I am new in Pig and would like to use an ordered analytical function, similar to what is possible in SQL.
My data looks something like this:
(stock_symbol,date,stock_price_open,stock_price_close)
(TAC,2001-08-06,16.39,16.36)
(TAC,2001-08-07,16.3,16.54)
(TAC,2001-08-08,16.55,16.44)
(TAC,2001-08-09,16.45,16.48)
(TAC,2001-08-10,16.5,15.8)
What I want to do is find the change in opening stock price from day to day. So, my output would look something like this:
(stock_symbol,date,stock_price_open,stock_price_close,stock_price_change)
(TAC,2001-08-06,16.39,16.36,NULL)
(TAC,2001-08-07,16.3,16.54,-0.09)
(TAC,2001-08-08,16.55,16.44,0.25)
(TAC,2001-08-09,16.45,16.48,-0.1)
(TAC,2001-08-10,16.5,15.8,0.05)
I want Pig to be able to look at a row ahead or behind the current row. Is this possible, or does Pig not allow for this type of analysis?
You can use the below script to get the output as expected, but might be some fine tuning is required.
A = load '/tmp/pig/test/test' using PigStorage (',');
B= foreach A generate $0 as stock_symbol, ToDate($1,'yyyy-mm-dd') as dt,(double)$2 as stock_price_open, (double)$3 as stock_price_close,'PT24H' as dthour;
C= foreach B generate $0 as stock_symbol, $1 as dt_curr, SubtractDuration($1,$4) as dt_old, $2 as stock_price_open, $3 as stock_price_close;
START = FILTER C BY ($1 == $1);
D = JOIN C by $0 , START by $0;
Filter_D = FILTER D by ((DaysBetween($1,$6)==1) and (DaysBetween($2,$7)==1));
E = foreach Filter_D generate $0 as stock_symbol, $1 as dt, $3 as stock_price_open, $4 as stock_price_close, $3-$8 as stock_price_change;
The Output as :
(TAC,2001-01-07T00:08:00.000-08:00,16.3,16.54,-0.08999999999999986)

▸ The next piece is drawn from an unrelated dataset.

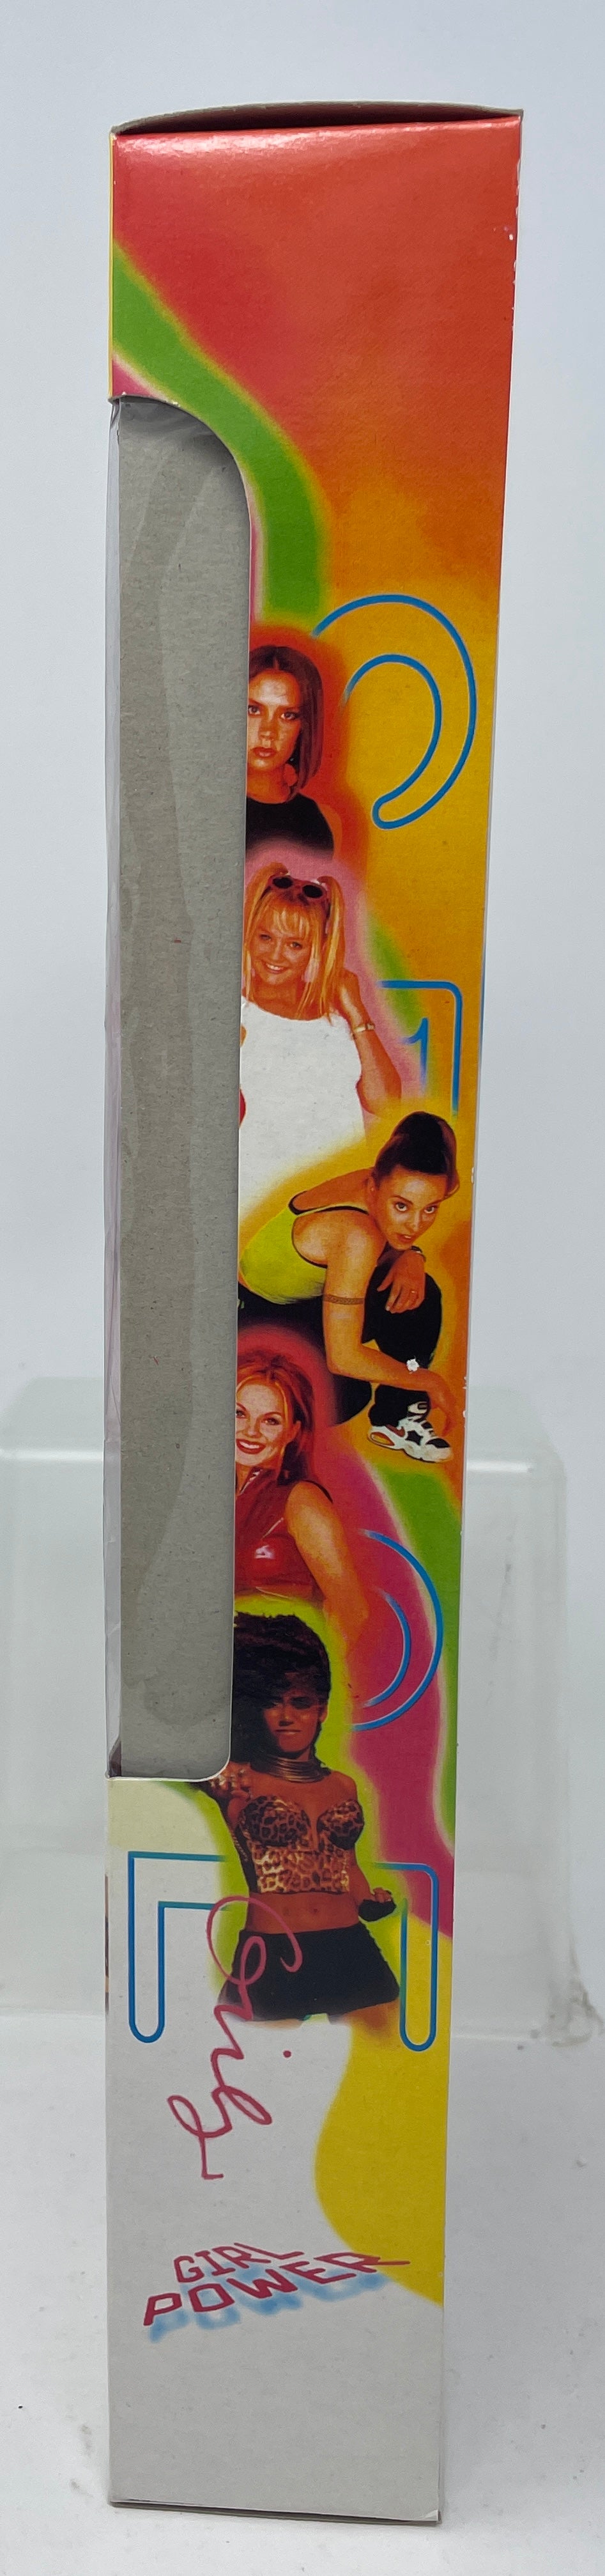 SPICE GIRLS - BABY SPICE - RARE BOOTLEG OF GALOOB 1997

(TAC,2001-01-08T00:08:00.000-08:00,16.55,16.44,0.25)
(TAC,2001-01-09T00:08:00.000-08:00,16.45,16.48,-0.10000000000000142)
(TAC,2001-01-10T00:08:00.000-08:00,16.5,15.8,0.05000000000000071)
As we required to calculate the One Day Older Opening Date so have taking variable "PT24H" which defined 24 Hours in Pig. The Same was printed in next action by using ToDate() & SubtractDuration(), followed by a Join and DaysBetween() action to get the difference.
ToDate(),SubtractDuration(),DaysBetween() are inbilt Function in PIG UDF, u can write suitable UDF for fine tuning the same script, with more proper action.